Это было просто невыносимо.
Поначалу я думала, что это все из-за моей квартиры. Стоило поставить запись, как я начинала задыхаться, мне хотелось выйти из дому, я придумывала, что необходимо срочно что-то купить, или же бросалась к телефону, готовая звонить кому угодно, пусть даже невестке (ничего себе!), и навязывать ей свою болтовню. Однако разум побеждал, я не позволяла себе покидать любимое кресло, то самое, где обычно блистательно разгадывала кроссворды. В результате после нескольких тактов Бетховена пол начинал раскачиваться, стены шатались, и я теряла равновесие. С ума сойти! И это происходило только во время звучания Бетховена; стоило сменить пластинку: поставить танго, эстрадного певца со слащавым голосом, - переборки не шатались, стеллажи стояли прочно, паркет тоже; но как только раздавалась бетховенская музыка - оп-ля! - арена вращалась - штормовое предупреждение! Я пришла к выводу, что живу в квартире, у которой Бетховен вызывает аллергию.
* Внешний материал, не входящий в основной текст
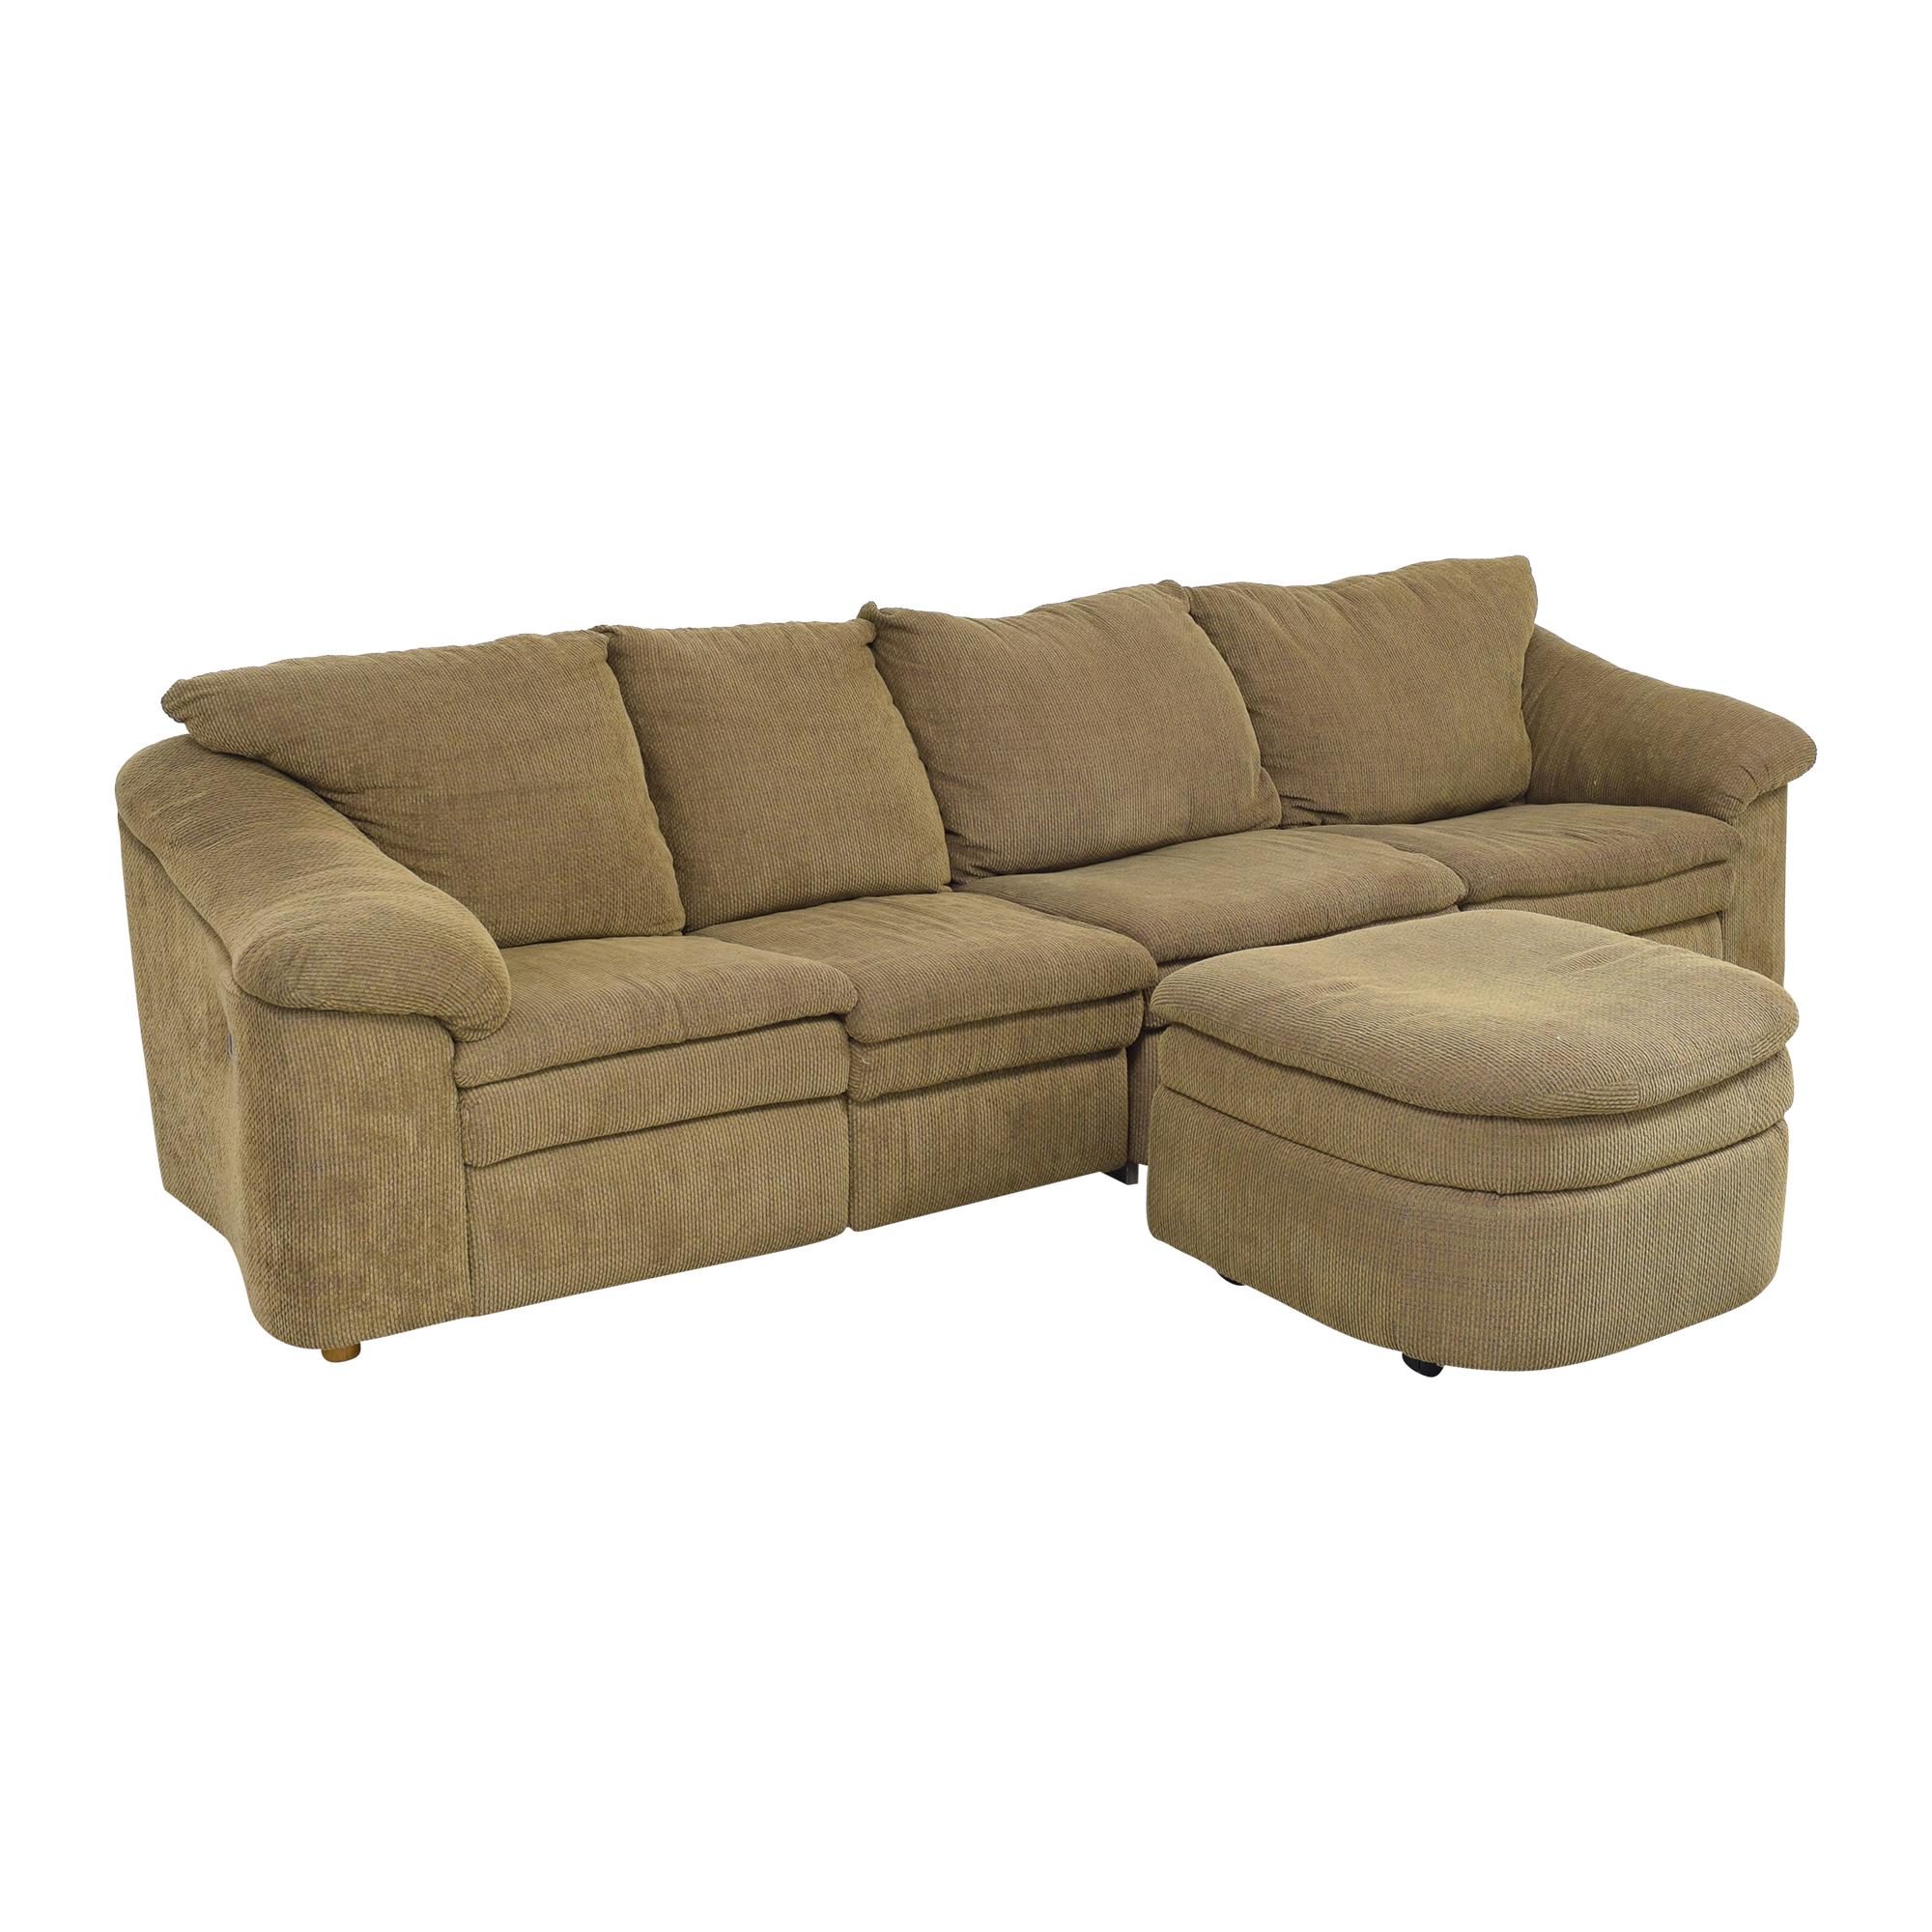 Raymour & Flanigan Raymour & Flanigan Sleeper Sofa with Ottoman on sale

И все же я продолжила! Неподалеку от нашего дома в парке (трава и бетон) устроили прием для молодежи из городка Юри Гагарин, по ту сторону транспортного кольца. Возле северных ворот парка какие-то парнишки исполняли хип-хоп. Я спросила у них, где они покупают свои музыкальные аппараты, такие здоровые хромированные бандуры, работающие на батарейках, и купила себе такой, напоминающий бульдога: колонки как отвислые щеки, а кнопки похожи на глазки. Я окрестила его Ральфом и отправилась в Париж вместе с Ральфом и Бетховеном.
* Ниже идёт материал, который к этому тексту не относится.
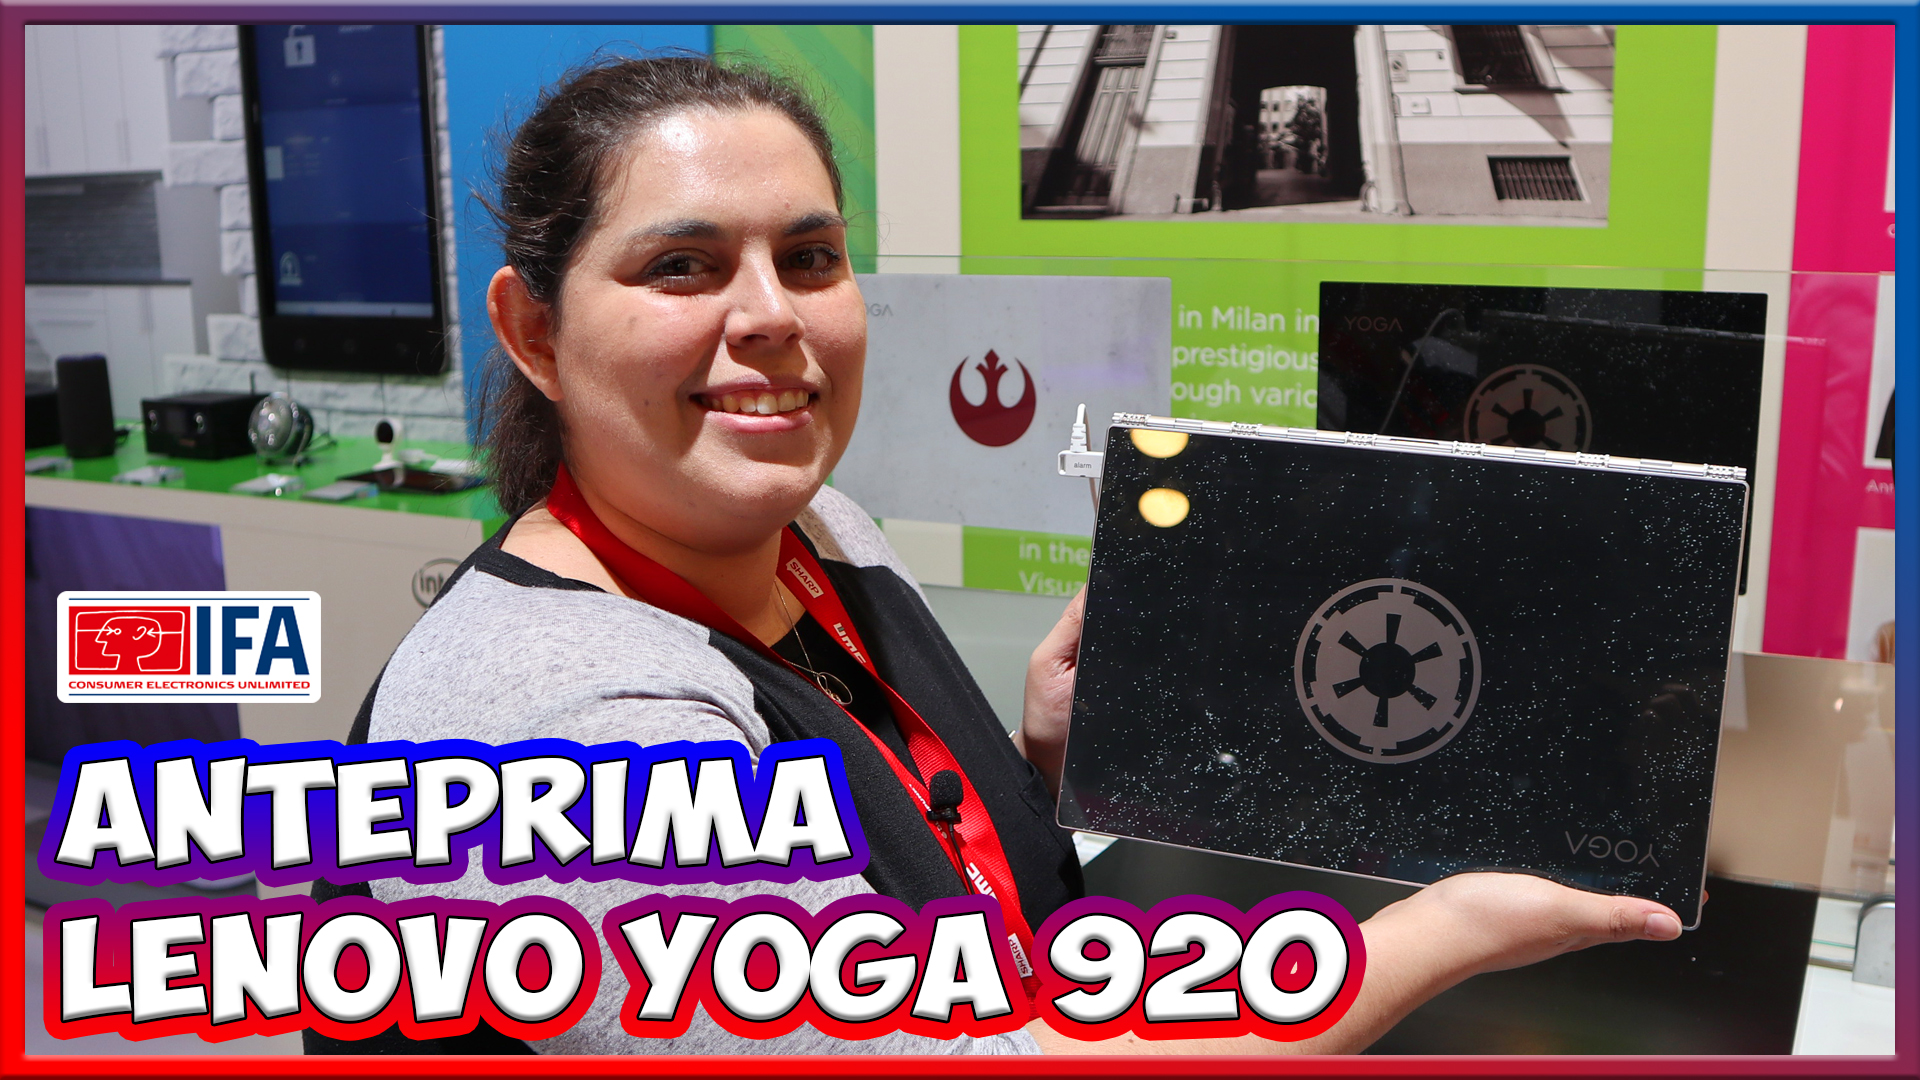 [IFA 2017] Lenovo Yoga 920: la nostra anteprima thumbnail

Я слушала музыку повсюду. Даже в метро в ожидании поезда. Однако вскоре стала предпочитать более спокойные места: скверы, пешеходные улицы, паркинги - те места, где можно было различать нюансы пианиссимо, а не только тройное форте. Вы скажете, что, надень я шлем или наушники, это выглядело бы скромнее; только вот скромностью я никогда не страдала; и потом, здесь не обошлось без политики, социологии, журналистики и т. п.: я это затеяла, чтобы узнать, неужели все сделались так же глухи к Бетховену.
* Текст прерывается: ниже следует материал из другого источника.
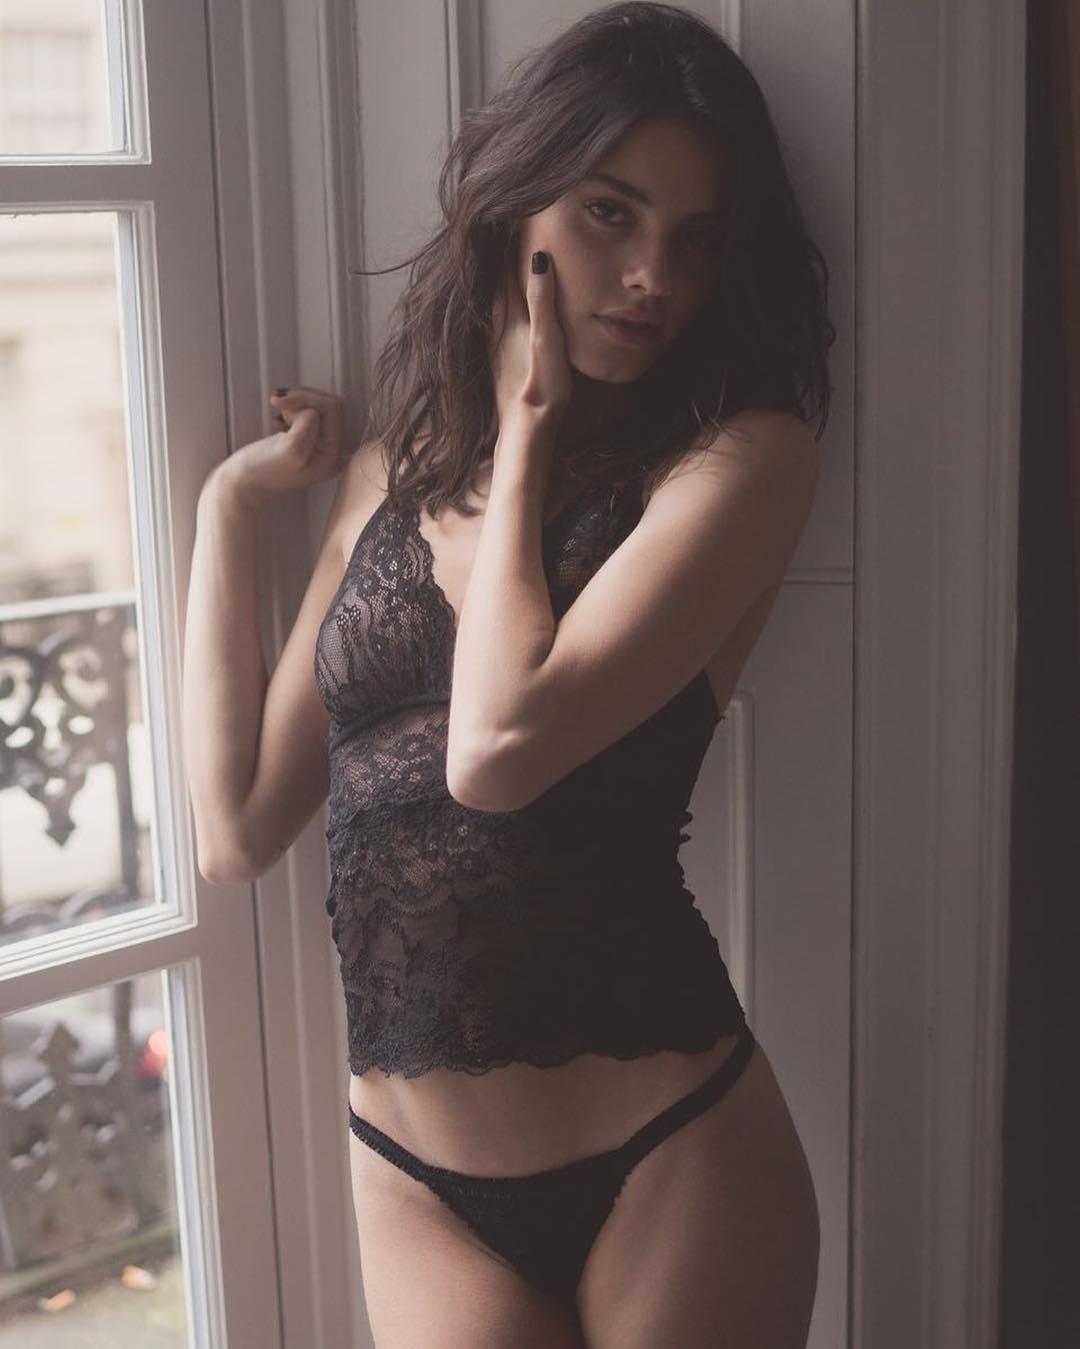 Paparazzi Nataly Machado naked (88 foto and video), Pussy, Cleavage, Feet, in bikini 2020

Мне открылась страшная правда: сидя на скамейке вместе с Ральфом, извергавшим Пятую симфонию, я создавала вокруг себя пустоту, люди пугались и удирали со всех ног. Конечно, Ральф выглядел сущим громилой, да и у меня самой, признаю, далеко не всегда был располагающий вид, но прохожих разгоняло не это… Нет, их гнал от меня именно Бетховен.
Однажды рядом остановился мужчина лет сорока - столько было бы теперь моему сыну. Он прослушал все четыре части симфонии, а после заключительного аккорда принялся шарить в кармане.
- Мадам, где ваша чашка?
- Чашка?
- Ваша плошка для милостыни? Куда мне положить деньги? - уточнил он, протягивая мелочь.
- Я не попрошайничаю. Я слушаю Бетховена, и все. Это бесплатно.
- О…
- Впрочем, лучше уж так, ведь прочие вообще сматываются отсюда. Можете сказать почему?
- Ничего удивительного. Красота - это невыносимо. - Он изрек это как очевидную истину. - Если хочешь жить обычной жизнью, от красоты лучше держаться подальше; иначе - по контрасту - ощущаешь свою посредственность, постигаешь меру собственного ничтожества. Слушать Бетховена - все равно что примерить обувь гения и осознать, что она сделана не по твоей мерке.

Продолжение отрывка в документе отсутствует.